Olivera's eyes flashed, and he keyed his mike again.
"Ramrod to all units! Jettison FRAMs. I say again, jettison FRAMs, but any fighter with missiles attempt a missile engagement."
* * *
"Well?" Murakuma snapped. She knew she sounded angry, for she was, but not at Cruciero. He simply had the misfortune to be the man on the spot, and he shrugged helplessly.
"I don't know, Sir. They're bigger than fighters, but smaller than anything else with such powerful signatures. They're obviously warp capable, but their power levels are much higher than a pinnace's. It looks like a whole new drive system—something that crosses the line between small craft and starship drives. I'd guess they can run it flat out at settings that would burn out any other small craft's systems."
"What—" Murakuma began, then closed her mouth as the new vessels began to fire.
* * *
"Jesus Christ!" Olivera muttered. What the hell were those things? They weren't firing fighter missiles—they were firing full-sized standard ship-killers from ten light-seconds out!
But they weren't firing many of them, and his eyes narrowed. It looked like they could carry only four birds each, and the jammers were knocking back any datalink they mounted. That forced them to fire as individuals, which gave them a snowflake's chance in hell of getting through battlegroup point defense. But they seemed to realize that almost instantly. It was as if the first to fire had done so only to prove it wouldn't work, and half of them suddenly swerved straight in on TF 51's battle-line.
* * *
Demosthenes Waldeck shoved further back into his command chair and clamped his jaw as the small Bug warships charged his superdreadnoughts. They were far bigger targets than fighters—indeed, they could be killed by weapons which could never have engaged a fighter—but they were also lethally fast and a total surprise. No one had expected such a threat, and—his jaw clamped tighter as the readouts flickered—unlike fighters, they mounted point defense. That made them highly resistant to missile fire, and his missile-heavy battle-line was weak in energy weapons.
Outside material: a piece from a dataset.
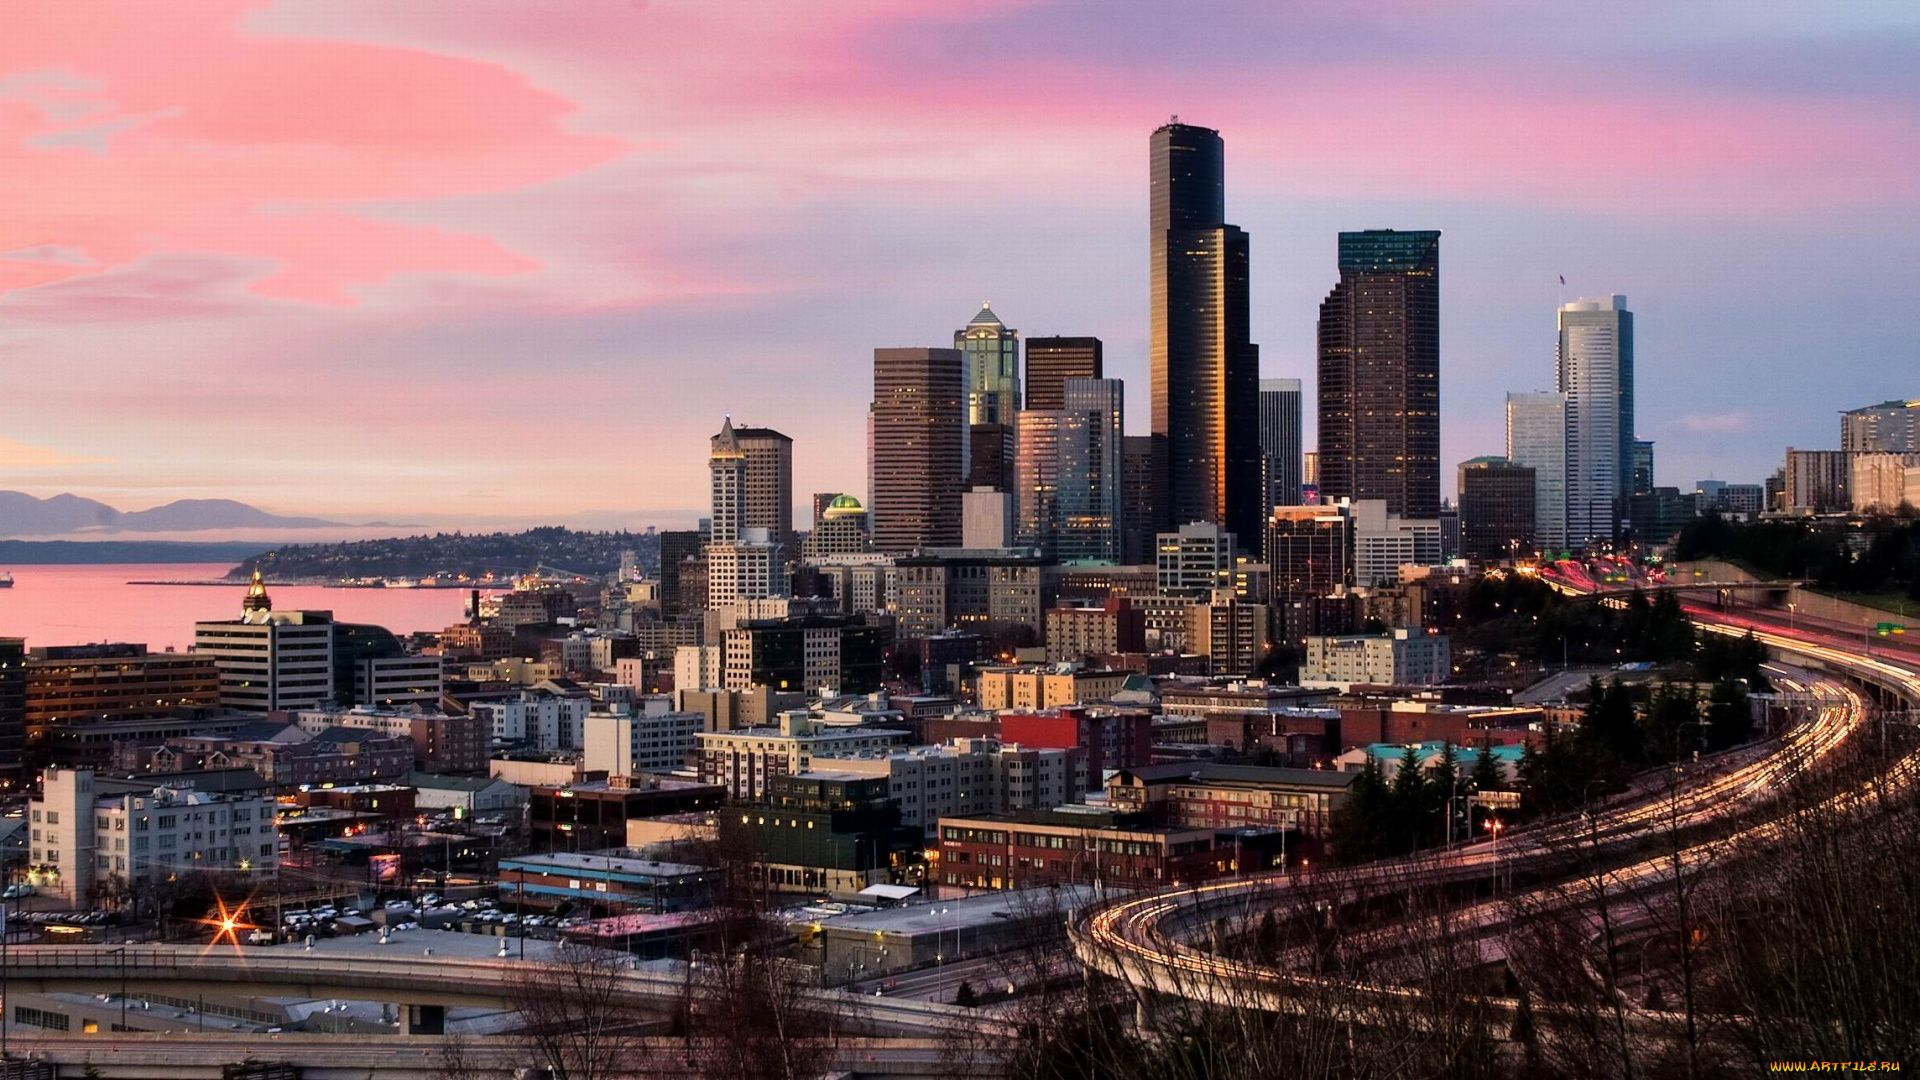 Seattle wallpaper background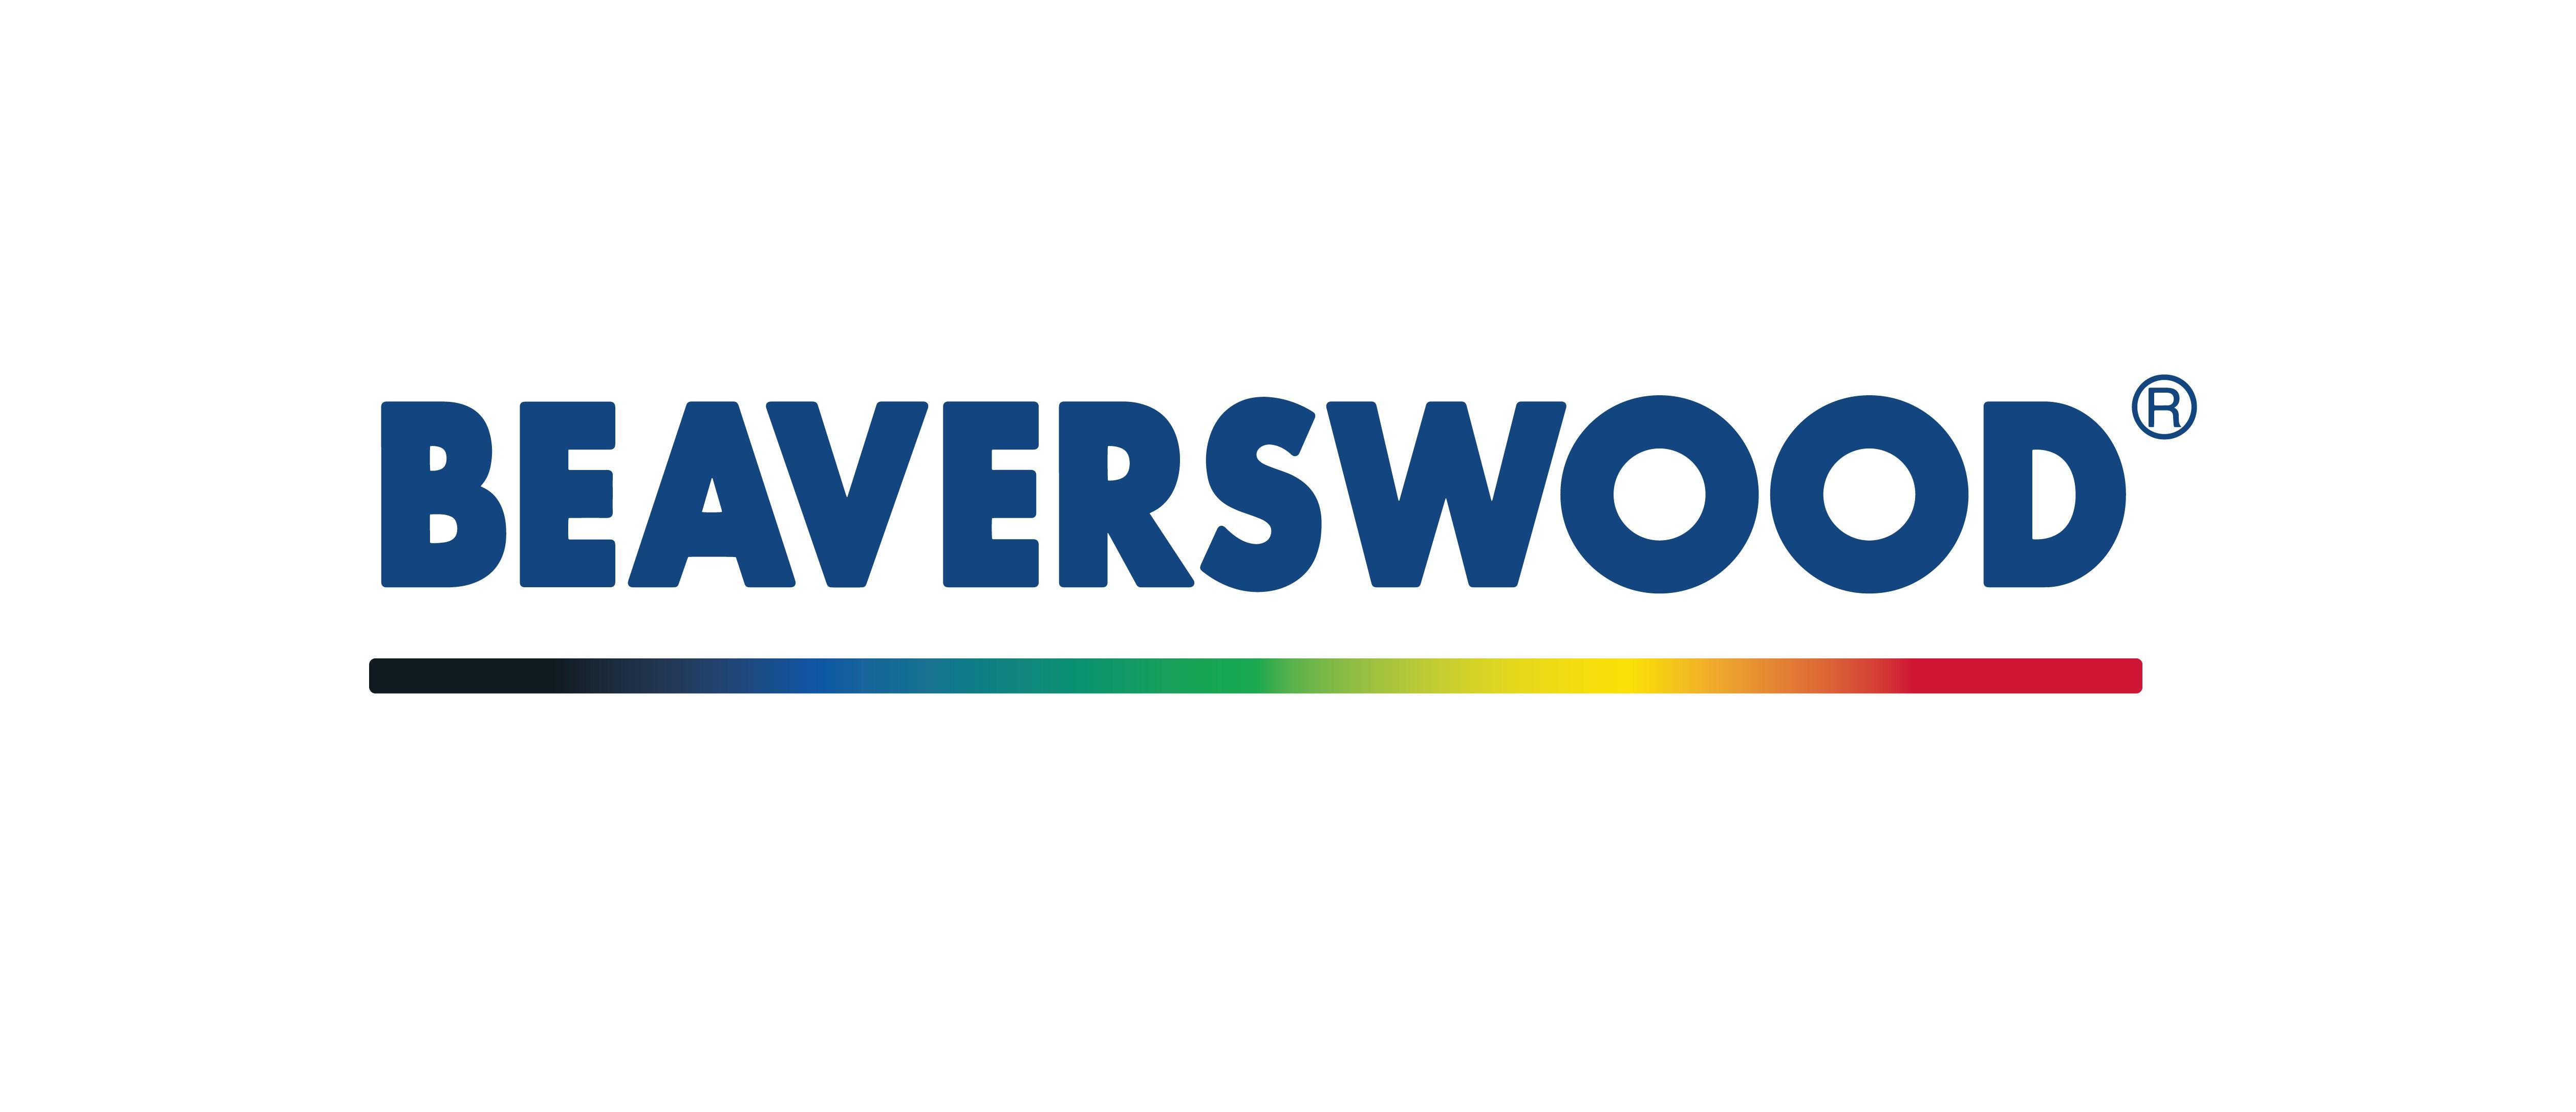 BEAVERSWOOD®

Half the Bugs howled down on his capital ships, but the other half broke suddenly towards TF 52. They seemed to ignore Anaasa's TF 53, but Saakhaanaa's Terran and Ophiuchi carriers were obviously priority targets. Yet the carriers were also well back, and carriers and their escorts were fast. The new Bug ships had no more than a fifty percent speed advantage, and Saakhaanaa had wheeled his ships almost instantly, racing away from the threat, slowing the closure rate while reserve squadrons spat from his catapults. Anaasa's fighters were launching, as well, cutting in from one flank while Olivera's antishipping strike charged up from astern.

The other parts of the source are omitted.